Dernier élément que je souligne : Dieu lui confie une mission qui va le remettre en piste car Dieu sait que c’est en se donnant qu’on reçoit le plus et qu’on peut le mieux se reconstruire. Mais, cette mission le renvoie en Egypte, cette Egypte qu’il avait dû fuir, pas simple ! Alors, Dieu prend bien soin de préciser le statut qu’il confère à Moïse. Car tous ses ennuis avaient été la conséquence d’une terrible méprise : en tuant l’Egyptien, Moïse s’était pris pour le Sauveur de son peuple. Dès qu’un homme se prend pour le Sauveur, c’est le début de gros problèmes, tant pour lui que pour tous ceux qui finissent par y croire ! Toute ressemblance avec des situations existantes ou ayant existé n’est pas totalement fortuite ! Le Sauveur, c’est Dieu, Moïse ne sera là que pour lui prêter ses mains, ses pieds, sa voix … selon ce beau poème écrit par des paysans d’Amérique du Sud : 

Notre Dieu n’a pas de mains, il n’a que nos mains pour construire le monde d’aujourd’hui. Notre Dieu n’a pas de pieds, il n’a que nos pieds pour conduire les hommes sur son chemin. Notre Dieu n’a pas de voix, il n’a que nos voix pour parler de lui aux hommes.

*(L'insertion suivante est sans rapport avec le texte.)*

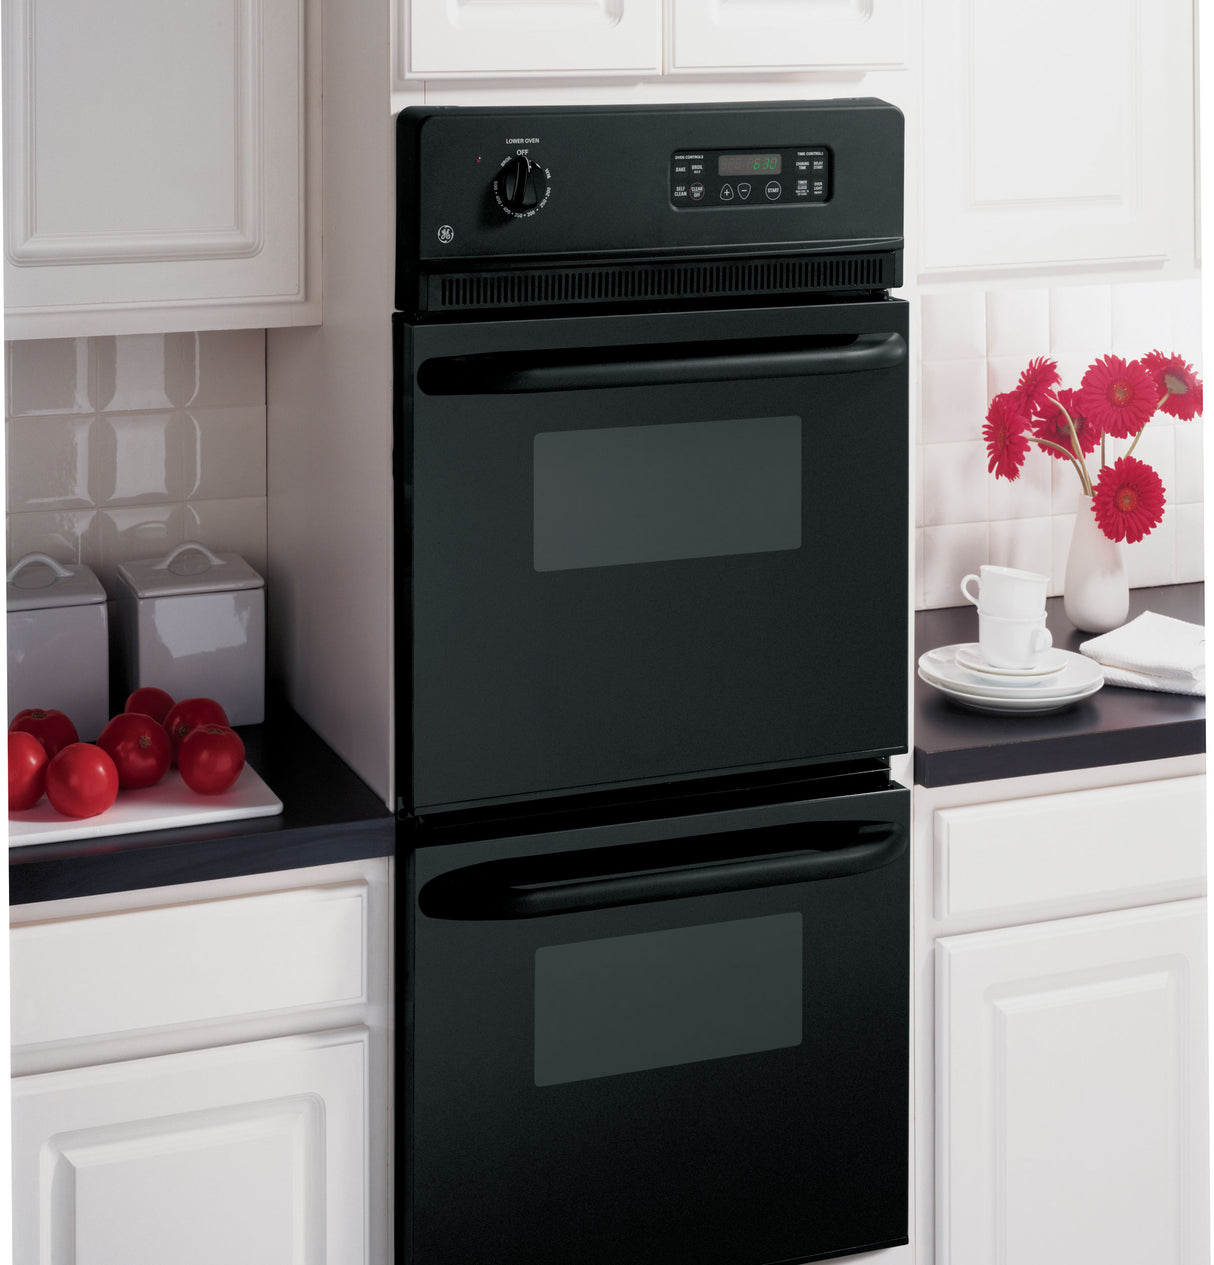 GE(R) 24" Double Wall Oven - (JRP28BJBB)
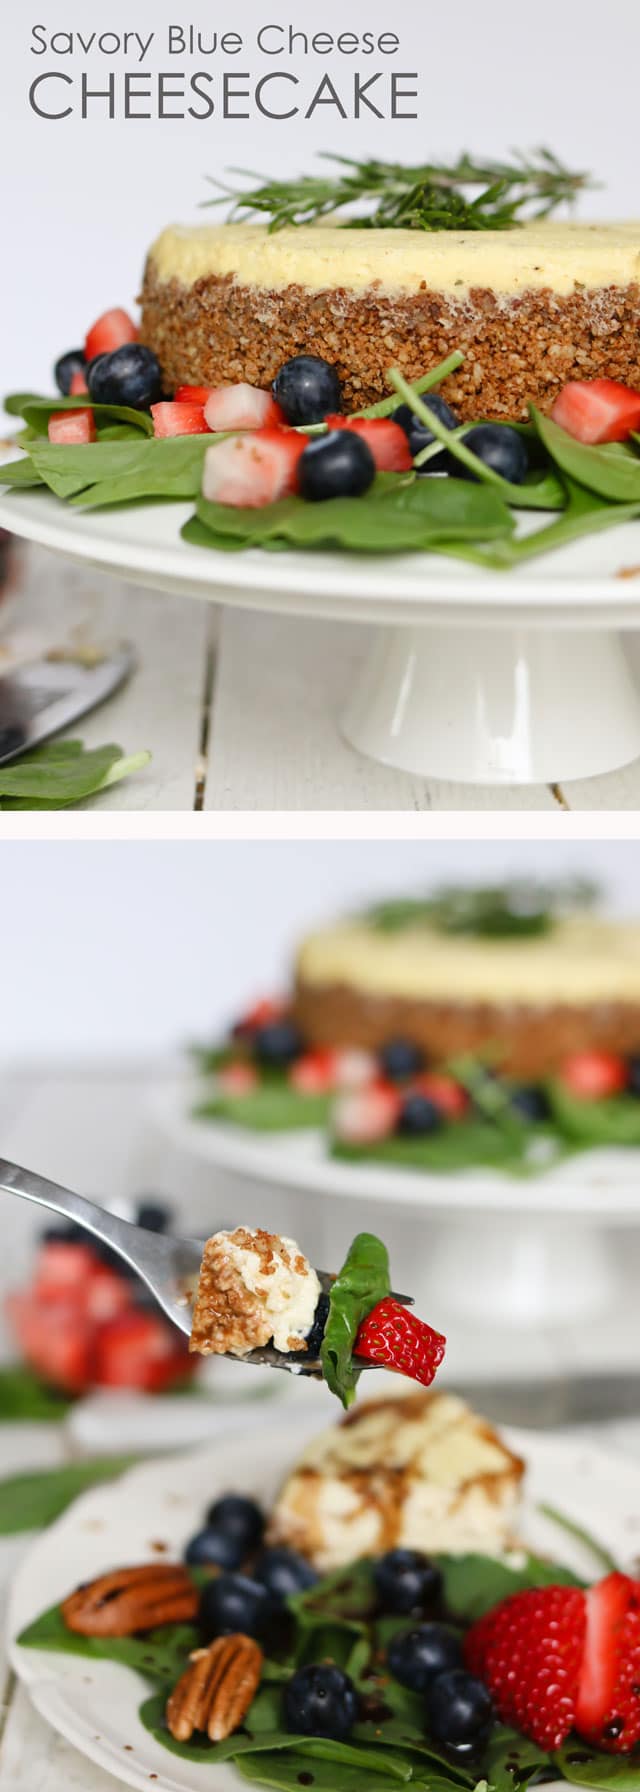 titled photo collage - Savory Blue Cheese Cheesecake

Il avait bien raison le psalmiste de s’écrier : quel Dieu est grand comme Dieu ! Car il faut être grand, infiniment grand pour oser se faire si petit, si humble pour mieux rejoindre les petits. C’est ce même mystère que nous nous apprêtons à célébrer dans cette Eucharistie. En effet, au cours de cette Eucharistie, le Seigneur va venir nous rejoindre à travers les apparences si pauvres, si banales du pain pour transformer nos histoires blessées en histoires sacrées capables d’accueillir sa présence transformante. Du coup, nous goûtons avec encore plus de saveur la parole de Jésus dans l’Evangile : « ce que tu as caché aux sages et aux savants, tu l’as révélé aux tout-petits. » N’ayons plus peur d’oser regarder en face nos pauvretés, nos fragilités, nos histoires blessées, nos échecs et même nos trahisons puisqu’elles peuvent devenir le lieu-même où Dieu veut nous visiter pour transformer ces histoires pas toujours très glorieuses en histoires saintes. 

Cette publication a un commentaire

  1. wilhelm richard

    oui, c’est bien vrai, avec Dieu pas de carton rouge ni de hors-délai !
    Avec Dieu, cela roule toujours … c’est comme pour une balle ou une roue !!!